• _What you should do_
Exactly reproduce each record listed below.

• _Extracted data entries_
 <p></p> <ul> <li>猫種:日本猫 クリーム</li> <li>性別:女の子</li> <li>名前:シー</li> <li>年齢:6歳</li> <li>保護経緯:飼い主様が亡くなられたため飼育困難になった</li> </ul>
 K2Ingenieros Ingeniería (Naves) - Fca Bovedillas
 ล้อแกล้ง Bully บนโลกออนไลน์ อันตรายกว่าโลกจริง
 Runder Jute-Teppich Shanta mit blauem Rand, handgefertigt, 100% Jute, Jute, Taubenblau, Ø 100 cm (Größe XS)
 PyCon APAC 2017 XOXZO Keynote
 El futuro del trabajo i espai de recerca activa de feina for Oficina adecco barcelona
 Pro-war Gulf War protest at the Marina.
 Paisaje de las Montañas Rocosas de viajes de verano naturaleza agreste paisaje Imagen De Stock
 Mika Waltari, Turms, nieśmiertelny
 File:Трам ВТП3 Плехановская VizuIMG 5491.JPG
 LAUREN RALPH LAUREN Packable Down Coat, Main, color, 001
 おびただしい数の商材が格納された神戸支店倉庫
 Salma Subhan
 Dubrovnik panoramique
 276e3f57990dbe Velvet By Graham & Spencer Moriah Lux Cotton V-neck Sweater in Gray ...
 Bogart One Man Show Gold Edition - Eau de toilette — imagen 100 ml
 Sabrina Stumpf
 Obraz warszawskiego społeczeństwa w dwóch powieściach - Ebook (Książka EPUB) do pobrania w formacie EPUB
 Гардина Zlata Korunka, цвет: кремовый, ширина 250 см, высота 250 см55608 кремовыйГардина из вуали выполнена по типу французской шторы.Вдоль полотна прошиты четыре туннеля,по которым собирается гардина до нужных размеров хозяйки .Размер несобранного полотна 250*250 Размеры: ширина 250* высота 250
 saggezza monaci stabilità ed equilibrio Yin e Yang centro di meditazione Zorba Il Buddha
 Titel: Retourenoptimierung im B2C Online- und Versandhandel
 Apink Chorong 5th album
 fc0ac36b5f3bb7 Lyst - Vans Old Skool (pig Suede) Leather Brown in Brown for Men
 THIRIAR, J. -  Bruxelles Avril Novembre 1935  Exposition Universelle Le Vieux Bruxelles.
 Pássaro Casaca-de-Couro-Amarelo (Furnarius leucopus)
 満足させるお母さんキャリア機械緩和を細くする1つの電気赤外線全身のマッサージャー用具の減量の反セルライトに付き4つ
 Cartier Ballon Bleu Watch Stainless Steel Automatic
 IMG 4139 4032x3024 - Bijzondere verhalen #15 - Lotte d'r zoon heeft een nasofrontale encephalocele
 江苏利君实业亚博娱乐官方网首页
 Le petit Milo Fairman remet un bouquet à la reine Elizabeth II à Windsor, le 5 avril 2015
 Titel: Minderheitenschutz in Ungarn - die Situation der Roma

• _Your response_
 <p></p> <ul> <li>猫種:日本猫 クリーム</li> <li>性別:女の子</li> <li>名前:シー</li> <li>年齢:6歳</li> <li>保護経緯:飼い主様が亡くなられたため飼育困難になった</li> </ul>
 K2Ingenieros Ingeniería (Naves) - Fca Bovedillas
 ล้อแกล้ง Bully บนโลกออนไลน์ อันตรายกว่าโลกจริง
 Runder Jute-Teppich Shanta mit blauem Rand, handgefertigt, 100% Jute, Jute, Taubenblau, Ø 100 cm (Größe XS)
 PyCon APAC 2017 XOXZO Keynote
 El futuro del trabajo i espai de recerca activa de feina for Oficina adecco barcelona
 Pro-war Gulf War protest at the Marina.
 Paisaje de las Montañas Rocosas de viajes de verano naturaleza agreste paisaje Imagen De Stock
 Mika Waltari, Turms, nieśmiertelny
 File:Трам ВТП3 Плехановская VizuIMG 5491.JPG
 LAUREN RALPH LAUREN Packable Down Coat, Main, color, 001
 おびただしい数の商材が格納された神戸支店倉庫
 Salma Subhan
 Dubrovnik panoramique
 276e3f57990dbe Velvet By Graham & Spencer Moriah Lux Cotton V-neck Sweater in Gray ...
 Bogart One Man Show Gold Edition - Eau de toilette — imagen 100 ml
 Sabrina Stumpf
 Obraz warszawskiego społeczeństwa w dwóch powieściach - Ebook (Książka EPUB) do pobrania w formacie EPUB
 Гардина Zlata Korunka, цвет: кремовый, ширина 250 см, высота 250 см55608 кремовыйГардина из вуали выполнена по типу французской шторы.Вдоль полотна прошиты четыре туннеля,по которым собирается гардина до нужных размеров хозяйки .Размер несобранного полотна 250*250 Размеры: ширина 250* высота 250
 saggezza monaci stabilità ed equilibrio Yin e Yang centro di meditazione Zorba Il Buddha
 Titel: Retourenoptimierung im B2C Online- und Versandhandel
 Apink Chorong 5th album
 fc0ac36b5f3bb7 Lyst - Vans Old Skool (pig Suede) Leather Brown in Brown for Men
 THIRIAR, J. -  Bruxelles Avril Novembre 1935  Exposition Universelle Le Vieux Bruxelles.
 Pássaro Casaca-de-Couro-Amarelo (Furnarius leucopus)
 満足させるお母さんキャリア機械緩和を細くする1つの電気赤外線全身のマッサージャー用具の減量の反セルライトに付き4つ
 Cartier Ballon Bleu Watch Stainless Steel Automatic
 IMG 4139 4032x3024 - Bijzondere verhalen #15 - Lotte d'r zoon heeft een nasofrontale encephalocele
 江苏利君实业亚博娱乐官方网首页
 Le petit Milo Fairman remet un bouquet à la reine Elizabeth II à Windsor, le 5 avril 2015
 Titel: Minderheitenschutz in Ungarn - die Situation der Roma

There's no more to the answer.